JPH06116683A - High mn nonmagnetic steel excellent in machinability and corrosion resistance - Google Patents

Abstract

PURPOSE:To produce high Mn nonmagnetic steel having excellent machinability and corrosion resistance as well as strength and magnetic properties by specifying its chemical compsn., Ni equivalent and Cr equivalent. CONSTITUTION:In the high Mn nonmagnetic steel, each element of C, Mn, Ni, Cr, Mo, N, S and Al is specified as well as the Ni equivalent [=Ni%+30X(C%+N%)+0.5XMn%] is regulated to <=16 and the Cr equivalent (=Cr%+Mo%+1-5XSi%) is regulated to <=24, and furthermore, 0.01 to 0.13% In is incorporated therein. In this way, while excellent strength properties and magnetic properties of the high Mn nonmagnetic steel are maintained and without exerting a bad influence upon its corrosion resistance, its machinability is improved. Thus, the high Mn nonmagnetic steel excellent in all of strength, magnetic properties, corrosion resistance and machinability can be produced.

Description

Detailed Description of the Invention

[0001]

BACKGROUND OF THE INVENTION 1. Field of the Invention The present invention has a high Mn non-magnetic property which has corrosion resistance comparable to that of stainless steel, has strength and stable magnetic properties superior to those of stainless steel, and has improved workability, especially machinability. It is about steel.

[0002]

2. Description of the Related Art In recent years, along with the development of magnetic utilization technology, the range of application of non-magnetic steel has been increasing. In particular, VT in the field of light electrical technology, which has developed significantly in recent years
The use of non-magnetic steel is rapidly increasing in precision machine parts such as R, audio equipment, office equipment, and other electronic equipment that need to avoid magnetism.

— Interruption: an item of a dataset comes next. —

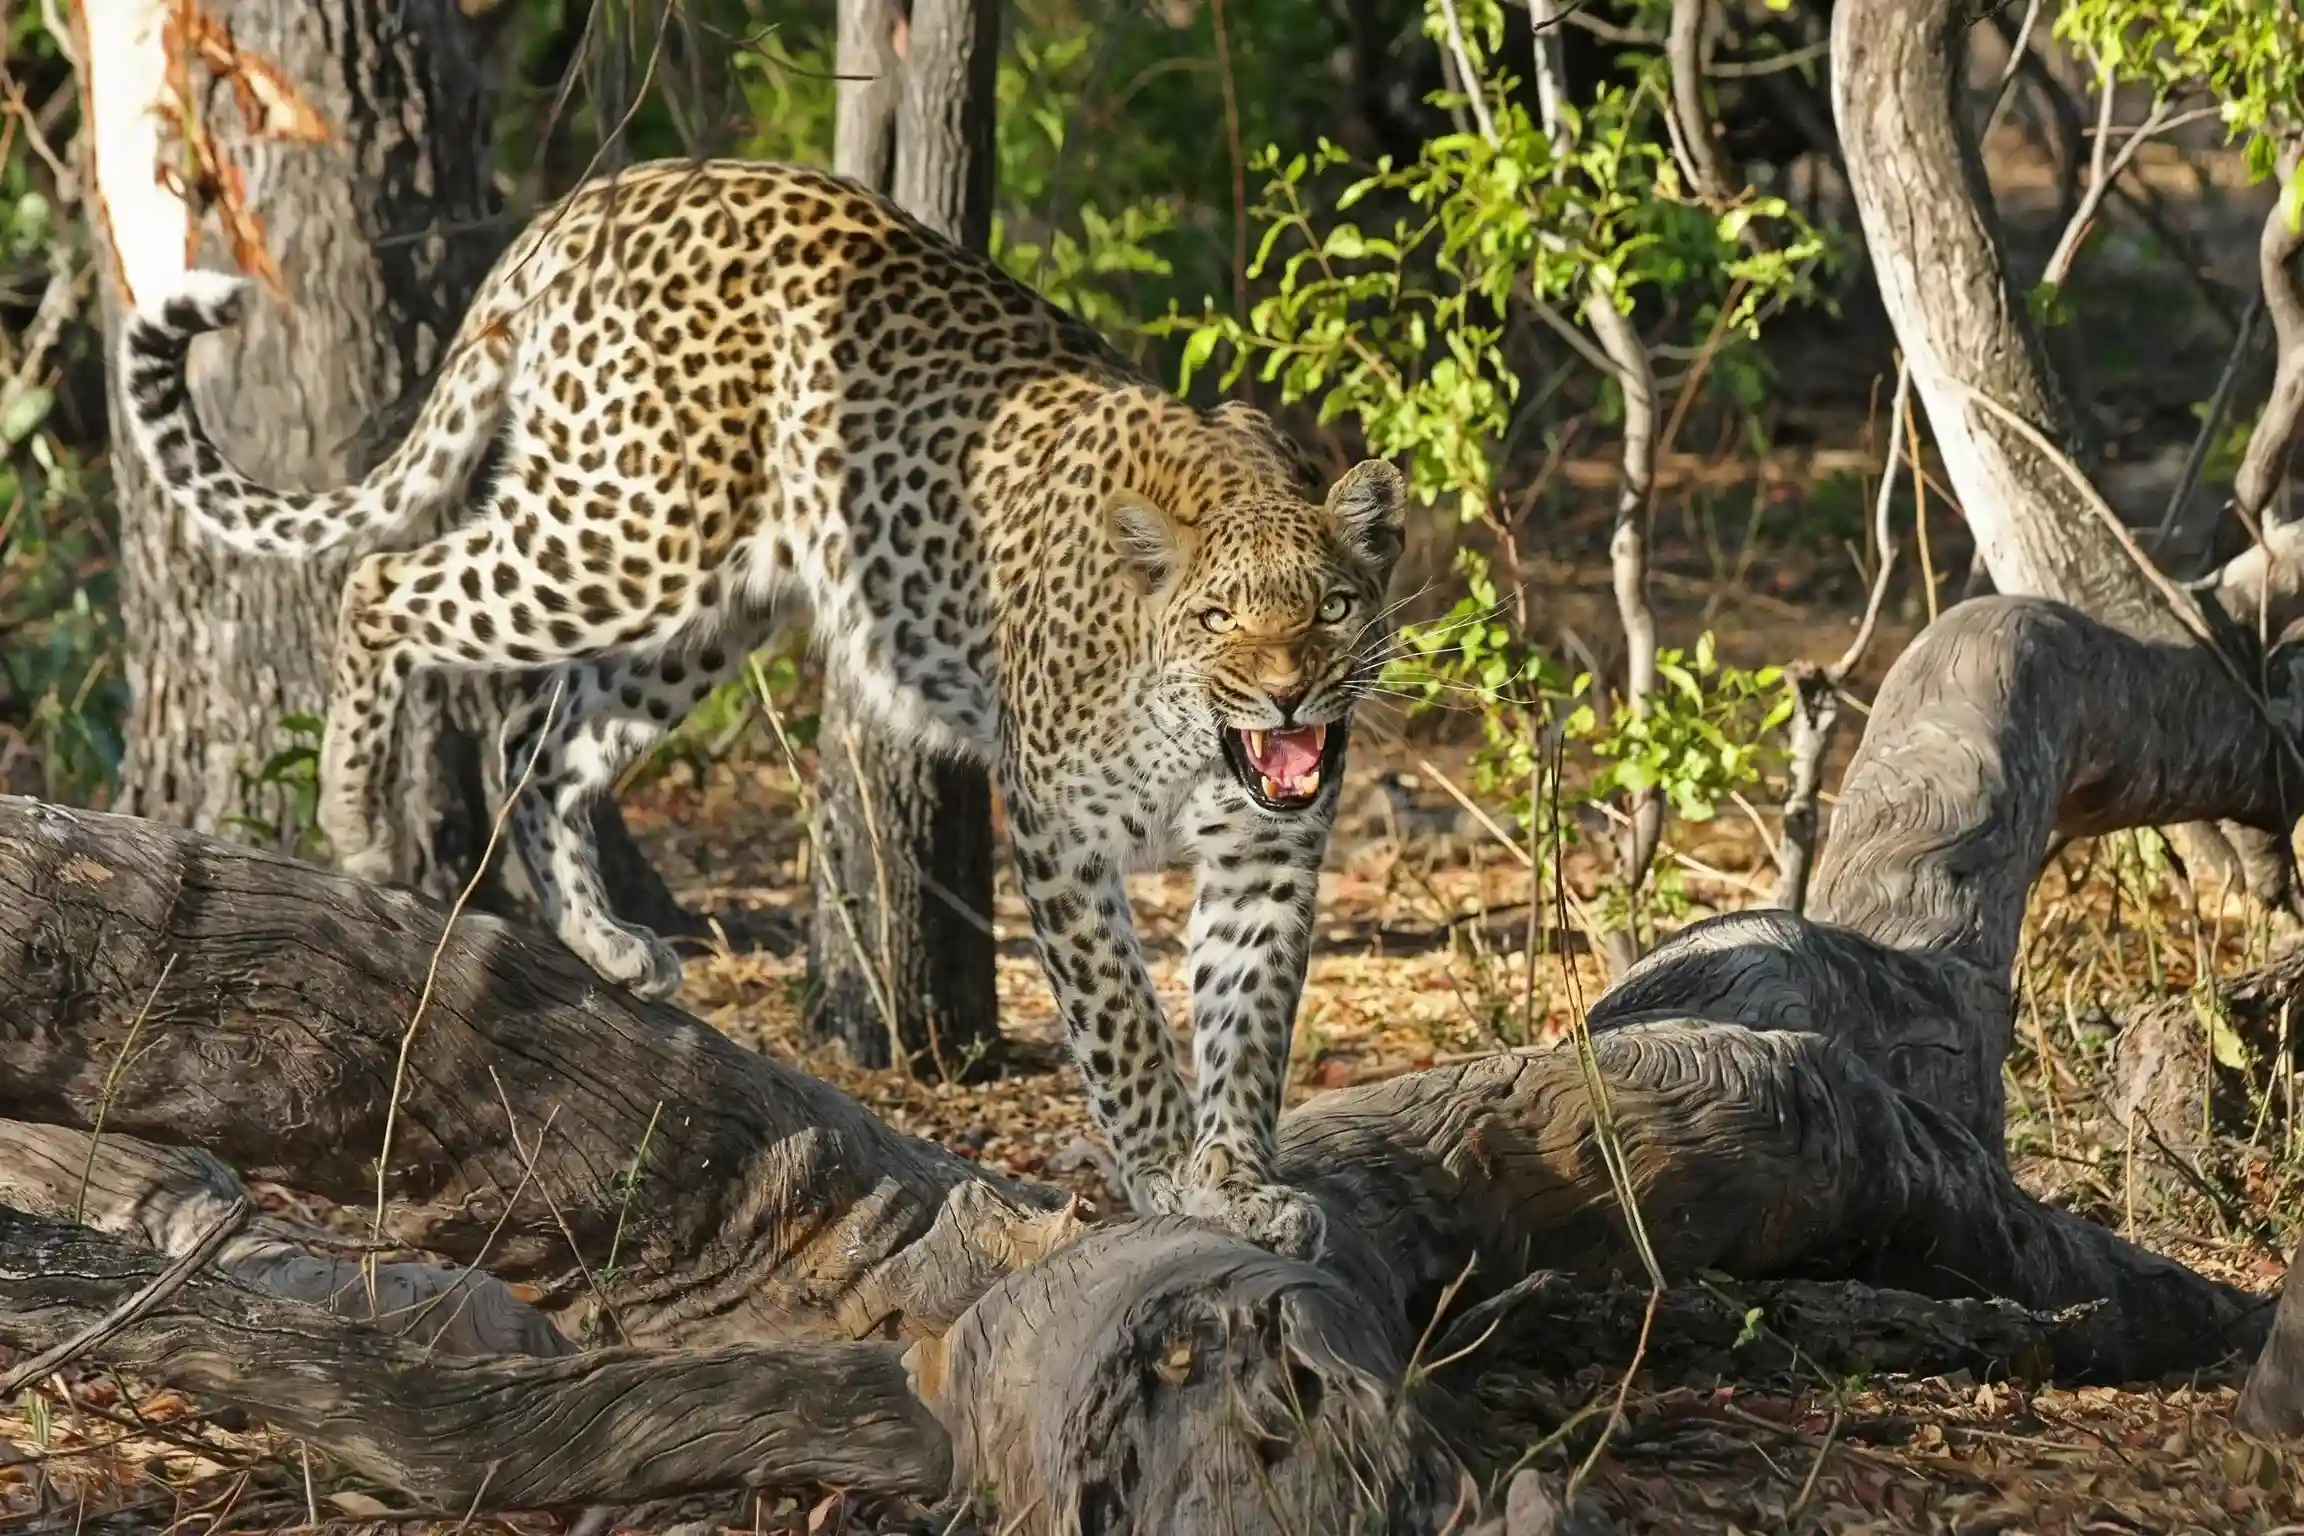 6-Day Midrange Tanzania Safari

As such a non-magnetic steel, SU has been conventionally used.
Austenitic stainless steels such as S304 and 316 have been used, but these stainless steels are insufficient in strength in addition to the drawback that the magnetic permeability increases to 1.5 times or more by cold working. Therefore, the use ratio of high-Mn non-magnetic steel, which has corrosion resistance comparable to that of austenitic stainless steel and has high strength and stable non-magnetism, has recently been increasing.

[0004]

However, the high Mn non-magnetic steel has very poor machinability as compared with ordinary carbon steel and stainless steel, and a method of adding S, Pb or the like to improve the machinability. However, this method has a drawback that the corrosion resistance becomes extremely poor.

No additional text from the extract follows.